34. The method of claim 27 comprising attaching a plurality of
internal fasteners to different ones of a plurality of bone
fragments, said internal fasteners having attached to them said
length of flexible cord, said internal fasteners being so
positioned with respect to each other that when said cord is
tensioned, said fragments are drawn together in directions to
reduce the fracture.
35. The method of claim 34 wherein at least one of said interior
fasteners includes a pulley surface over which said cord is movably
trained to change the direction of said cord within the interior of
said bone, the method including the step of pulling said cord over
said pulley surface.
36. The method of claim 34 wherein each of said interior fasteners
includes a pulley surface over which said cord is movably trained
to change the direction of said cord within the interior of said
bone, the method including the step of pulling said cord over said
pulley surfaces.
37. Method for reducing a bone fracture in a bone having a cortical
exterior portion and a non-cortical interior, said fractured bone
having at least three bone fragments in which first and second
fragments have first mating fracture surfaces and second and third
bone fragments have second, different mating fracture surfaces, the
method comprising attaching one end of a length of flexible cord
from within the bone interior to the first bone fragment, attaching
a pulley bearing said cord to the second bone fragment, the other
end of said cord passing outwardly of the bone through an opening
in the third bone fragment, tensioning said cord to draw together
said mating fracture surfaces to relieve the fractures, and
securing said tensioned cord to said third bone fragment.

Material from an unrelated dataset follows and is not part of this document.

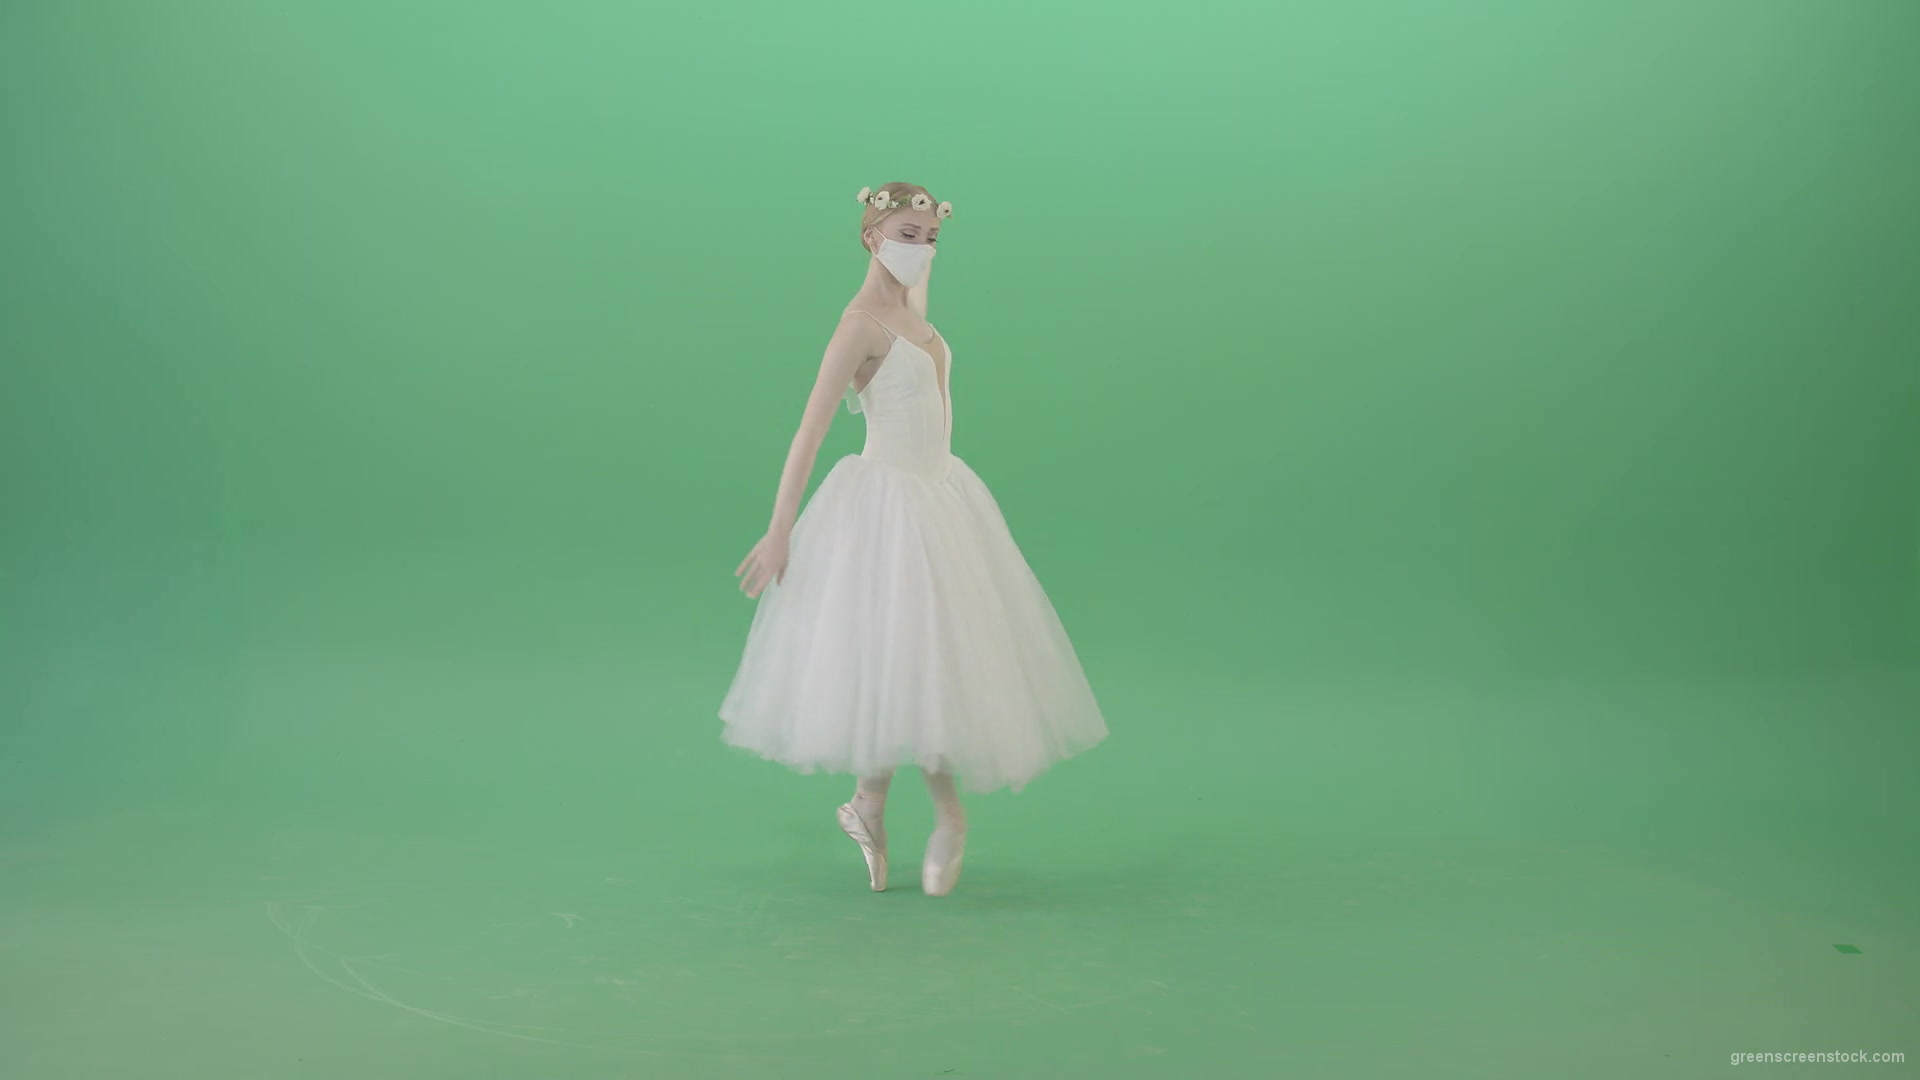 Ballet-Dance-young-woman-welcome-Corona-Virus-dancing-in-mask-isolated-on-green-screen-4K-Video-Footage-1920_007 Green Screen Stock

38. Method for reducing a bone fracture comprising at least two
pairs of bone fragments, a first pair of bone fragments having
first mating fracture surfaces and a second pair of bone fragments
having second, different mating fracture surfaces, and wherein one
bone fragment may be common to each of the first and second pairs,
the bone having an exterior cortical portion and an interior
non-cortical portion, the method comprising a. attaching one end of
a length of flexible cord from the interior of the bone to one
fragment of said first pair, said cord extending through an opening
in the other bone fragment of said first pair in a direction so
that when said cord is placed in tension, the first mating fracture
surfaces are drawn toward each other; b. attaching one end of a
second length of flexible cord from the interior of the bone to one
fragment of said second pair, said second length of cord extending
through an opening in the other bone fragment of said second pair
in a direction so that when said cord is placed in tension, the
second mating fracture surfaces are drawn toward each other; and c.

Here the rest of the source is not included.